How do you and TJ protect your marriage in the midst of raising your little ones?
Thankfully TJ and I are naturally like a couple of corny magnets. I mean, we have to separate at the beginning of the day, but by the end, the kids are in bed and we just naturally enjoy being together. So we do all the things together. We do dishes together. We pick up the house together. We sit on the couch and talk through our most current issues together. We watch shows together. We read together. We talk about my bible study questions together. We just started exercising together. I mean he is literally the most amazing man I have ever known. And obviously we have our issues, we have recurring sore spots in our marriage, but the Lord has given us so many tools to get through those moments, and we genuinely really enjoy being around one another. I'm so glad that it's so natural, because even though my kids dominate most of my time, and I would expect nothing less, when my kids leave home- I want TJ and I to be able to rest within the walls of a strong and beautiful marriage.
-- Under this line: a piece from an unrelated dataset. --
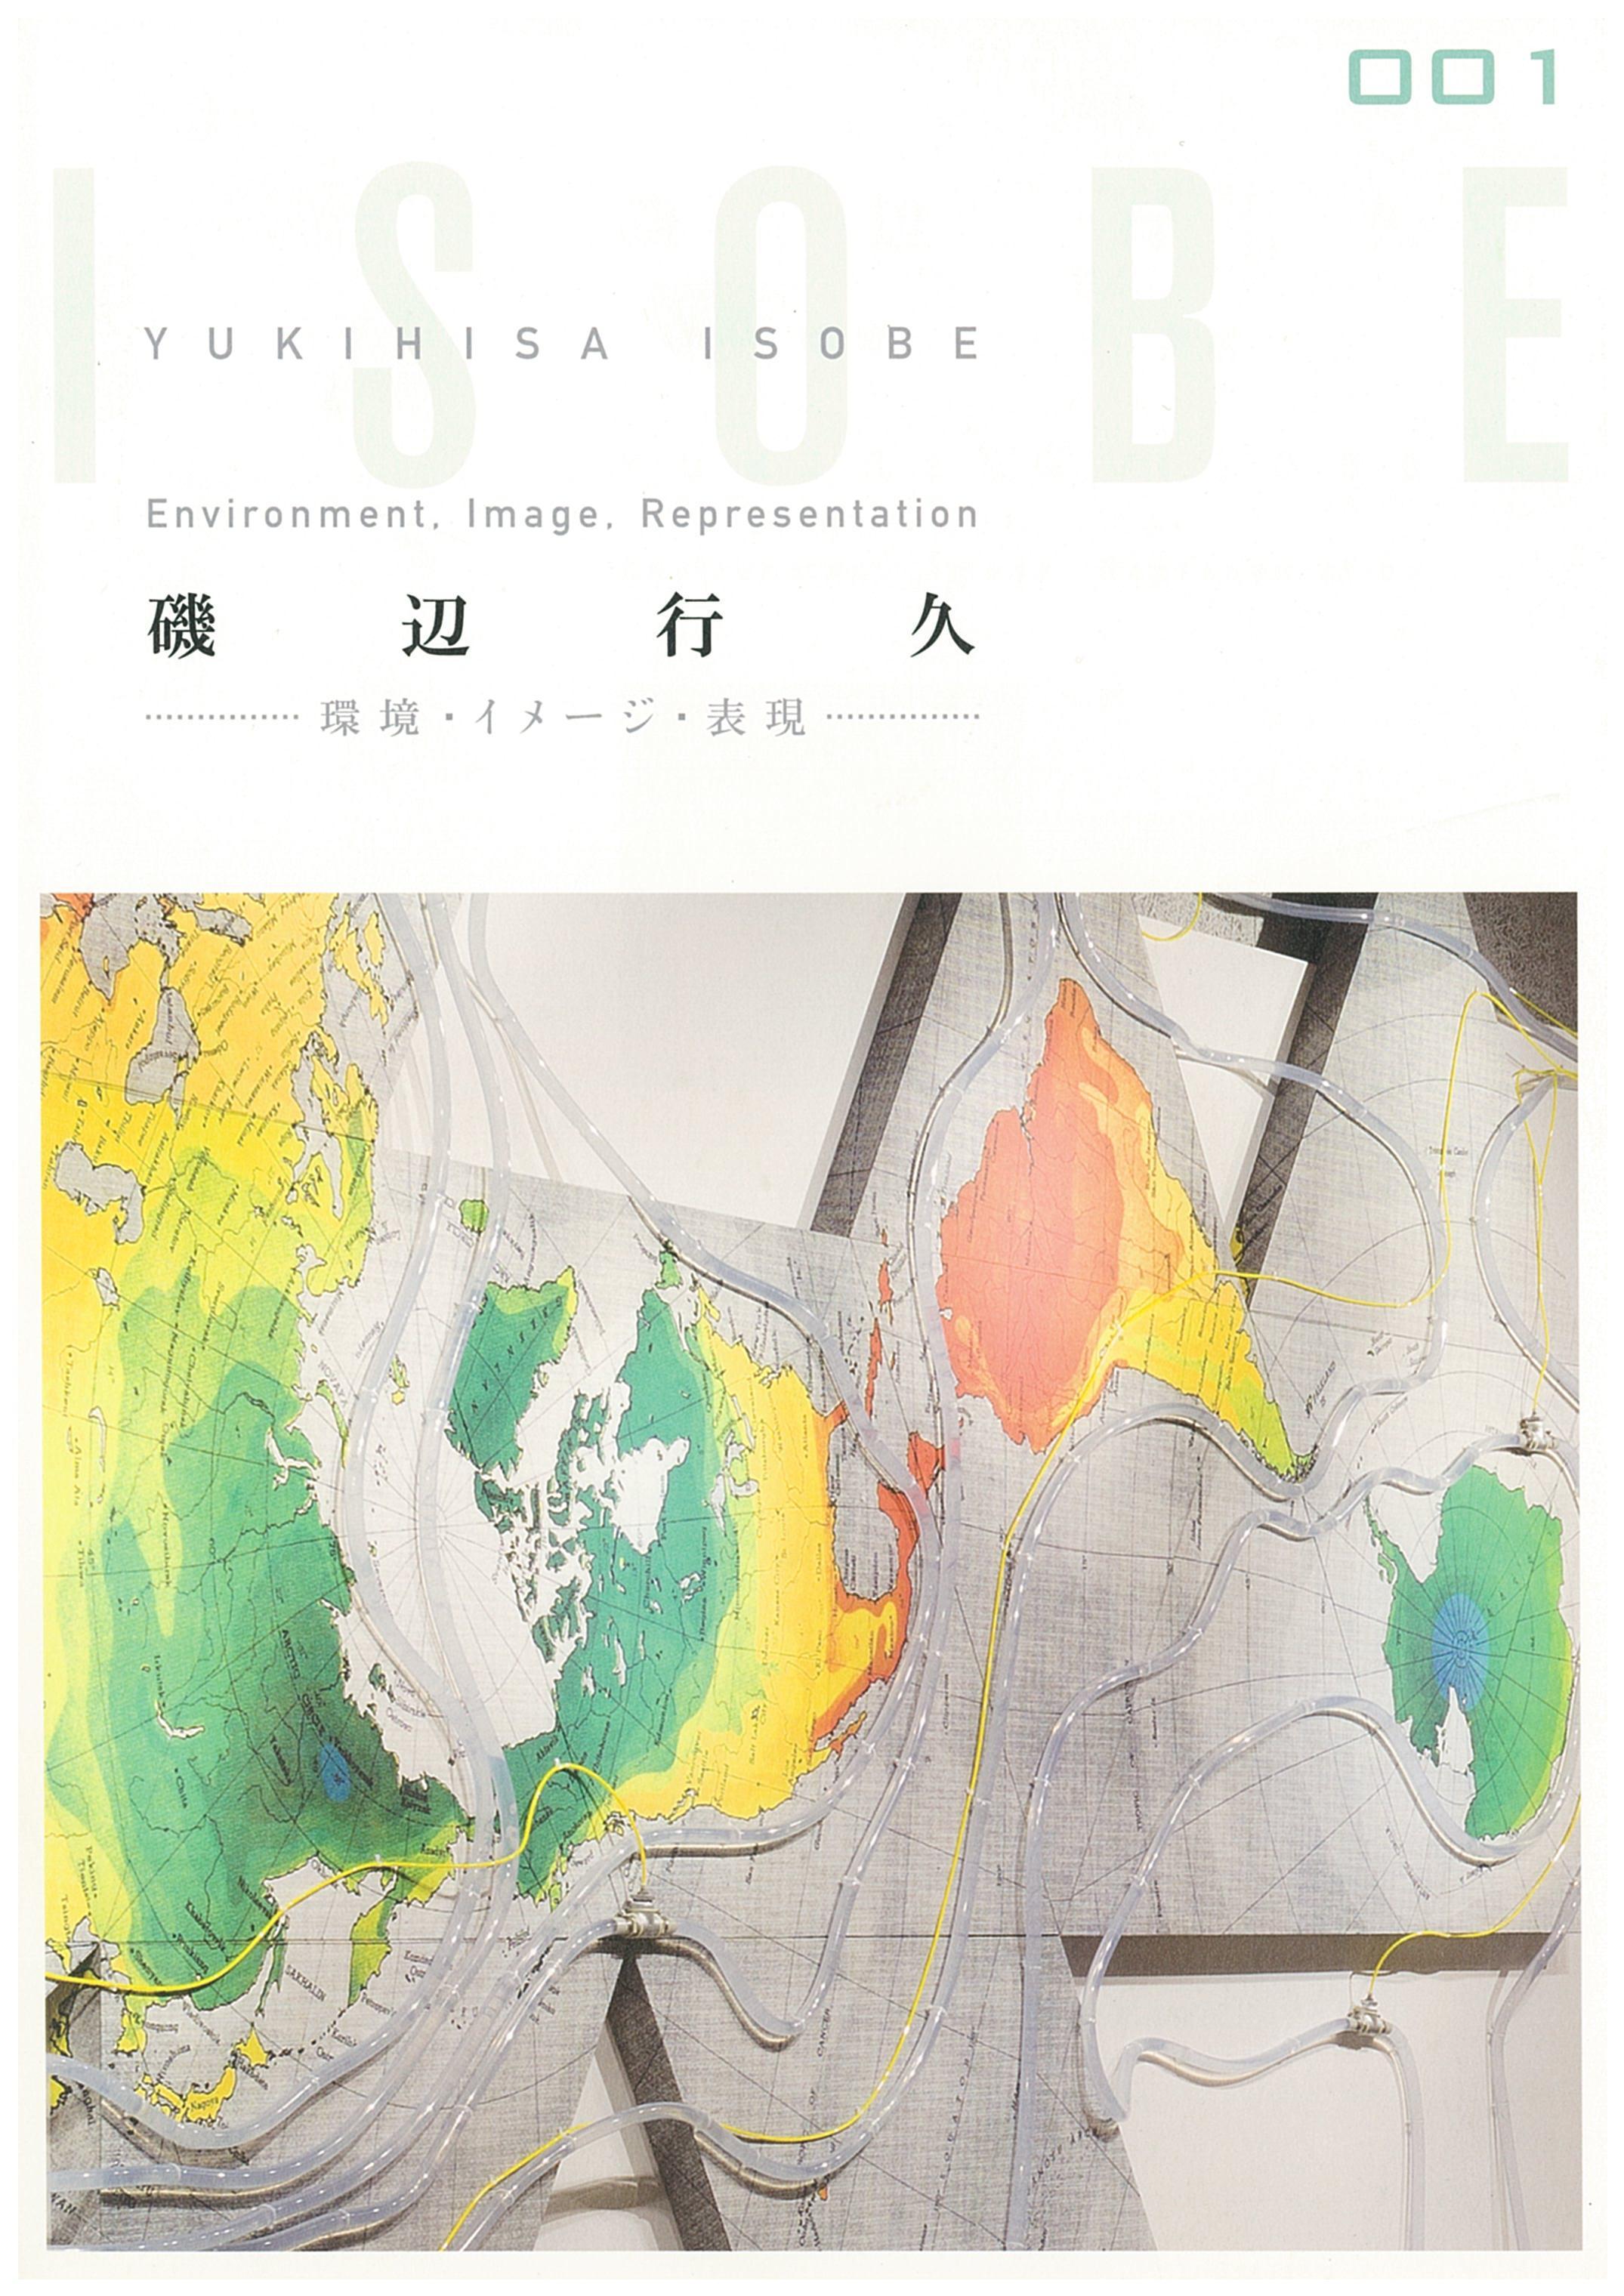 市原湖畔美術館 001  「磯辺行久 -環境・イメージ・表現-」展  カタログ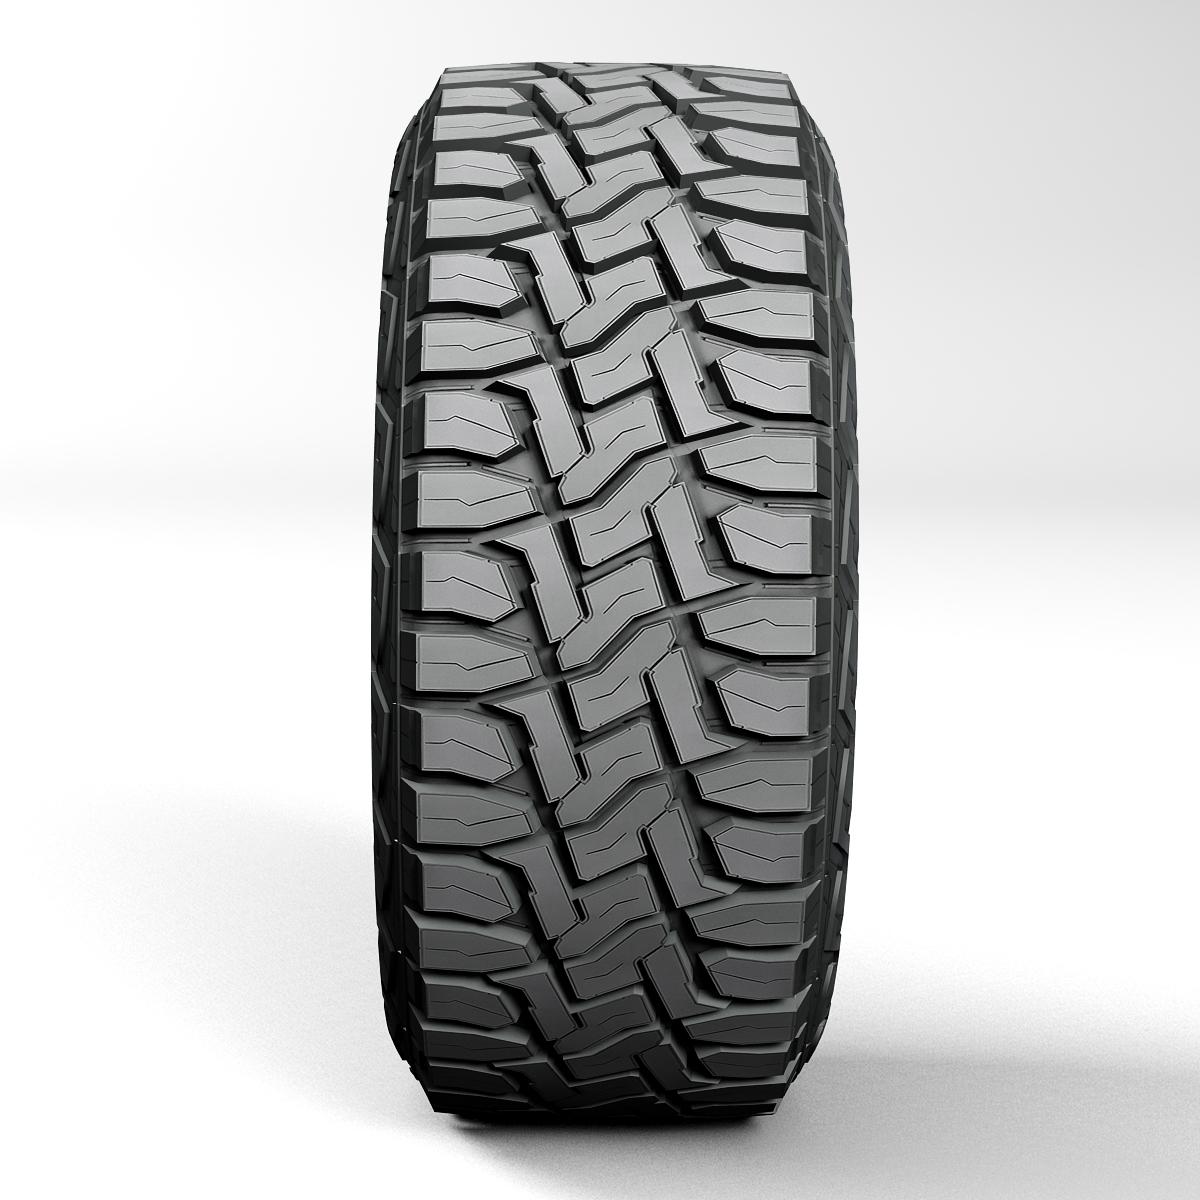 off road wheel and tire 2 3d model 3ds max fbx tga targa icb vda vst pix obj 224413

What do you wish people knew about you as a mother?
I feel like I leave so little mystery about who I am as a mother, especially after this interview, ha! So I can't imagine that there's anything you don't already know.

What would your response be to the question, “How do you do it?” in regards to being a mom of three small children?
I pray. I cry out to the Lord. I ask TJ to hold me. Haha! Mostly I embrace it more now than I used to. It's kind of like labor in a lot of ways. If you let go and give into the pain (quote by Jess Mueller), the progress is much smoother and way more efficient. It feels like that some days. Or pieces of some days. Bedtime, meal time, potty time. But it's also hilarious, and always changing and so sweet. All of these small Stockers are good for my heart. Also I find that I laugh more now, I laugh and then I take pictures, and if needed, then I deal with the discipline. I think that I pick my battles more now as well. And (this part doesn't always happen) on the days that my head is clear, I have built a habit of filtering my frustration through- is this battle-worthy, or is this just my preferences getting pushed around? That has helped a ton. And amazingly, I have great friends that pour into my heart and confirm and/or gently correct me when I need it.


Thank you, Danielle, for sharing the stresses and joys in your sanctifying journey through motherhood. I am humbled, encouraged, and challenged by your delight in God and the blessings He has given to you. May God continue to be glorified as you sacrifice moment by moment to point your children to everlasting joy in Jesus.